A state investigation has found that Cajon Valley Union School District’s sexual health curriculum discriminates against LGBTQ+ people because it leaves out legally required instruction about LGBTQ+ and gender topics.

The district’s curriculum also doesn’t address LGBTQ+ people or issues at all.

Cajon Valley is one of a number of school districts in California and nationwide that are being pressured by some groups to eliminate curricula, materials and initiatives that are or could be affiliated with LGBTQ+ topics and people.

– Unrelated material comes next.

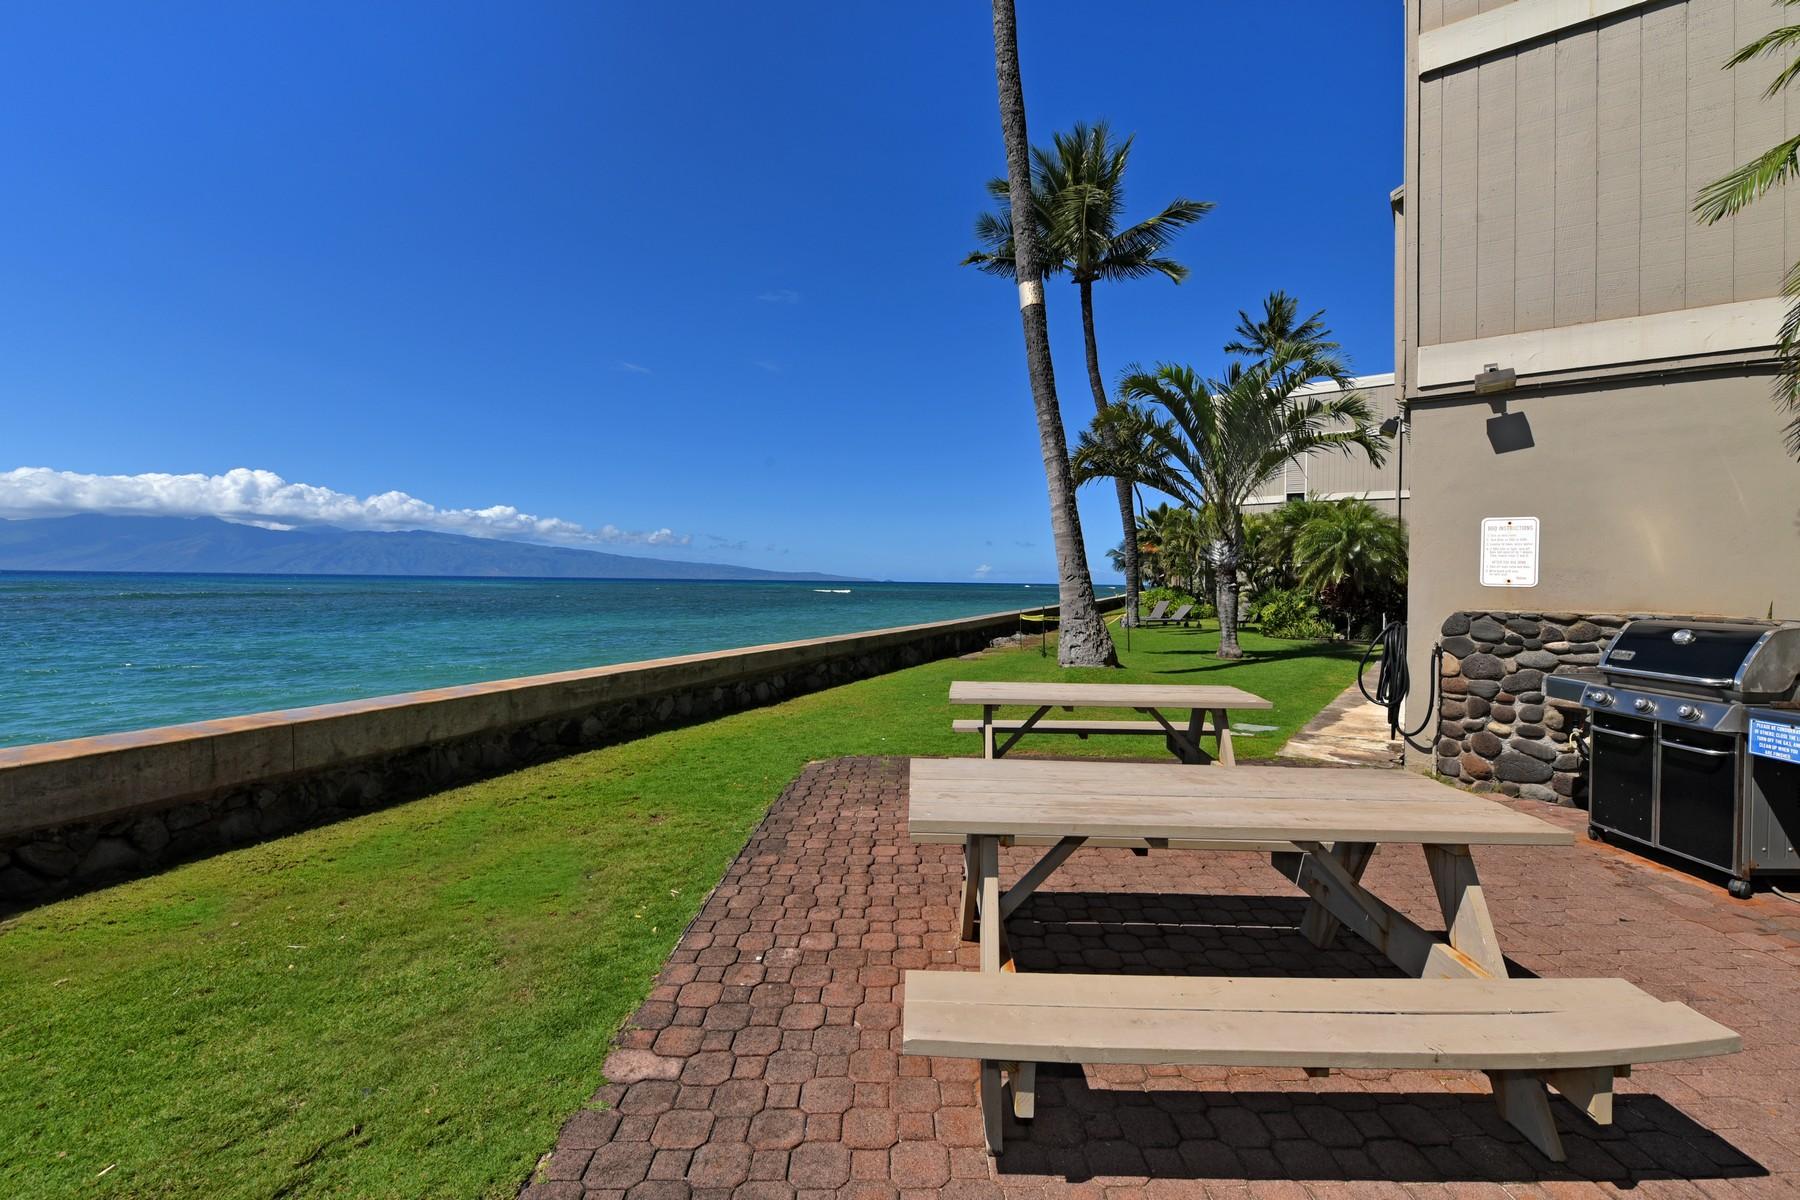 Condominiums for Sale at Vacation Rental in Tropical Garden Setting 4435 Lower Honoapiilani Road, Pohailani Maui 131 Kahana, Hawaii 96761 United States

Advocates for those changes have said parents should control what their children are taught or not taught about gender and sexuality. Meanwhile LGBTQ+ advocates and allies have called such moves a coordinated discrimination effort under the guise of parents’ rights.

East County’s Cajon Valley school district, which serves about 15,600 students in grades TK-8, teaches sexual health to seventh- and eighth-graders during the spring.

It used to have a curriculum that discussed LGBTQ+ identities and topics, including anti-LGBTQ+ discrimination and mental health.

Then last year some board members objected to the curriculum materials about LGBTQ+ topics. Some trustees suggested the materials were factually inaccurate.

At the time, board President Jim Miller said some materials should be scrubbed “in order to make it more palatable and proper for our community.”

So the board had the district create its own curriculum, which debuted this spring.

The new curriculum violates state law because it leaves out several required components for public schools’ sexual health curriculum, the California Department of Education said in a report released last week. It does not affirmatively recognize that people have different sexual orientations, it does not mention same-sex relationships when discussing examples of relationships and it does not discuss the harms of gender stereotypes.

District leaders told The San Diego Union-Tribune that they believed their curriculum meets state law requirements. But Karen Minshew, its assistant superintendent of educational services, said she and other district leaders will review the curriculum; she said she will also talk with the state to get more clarity on how to become compliant and to review potential curriculum revisions.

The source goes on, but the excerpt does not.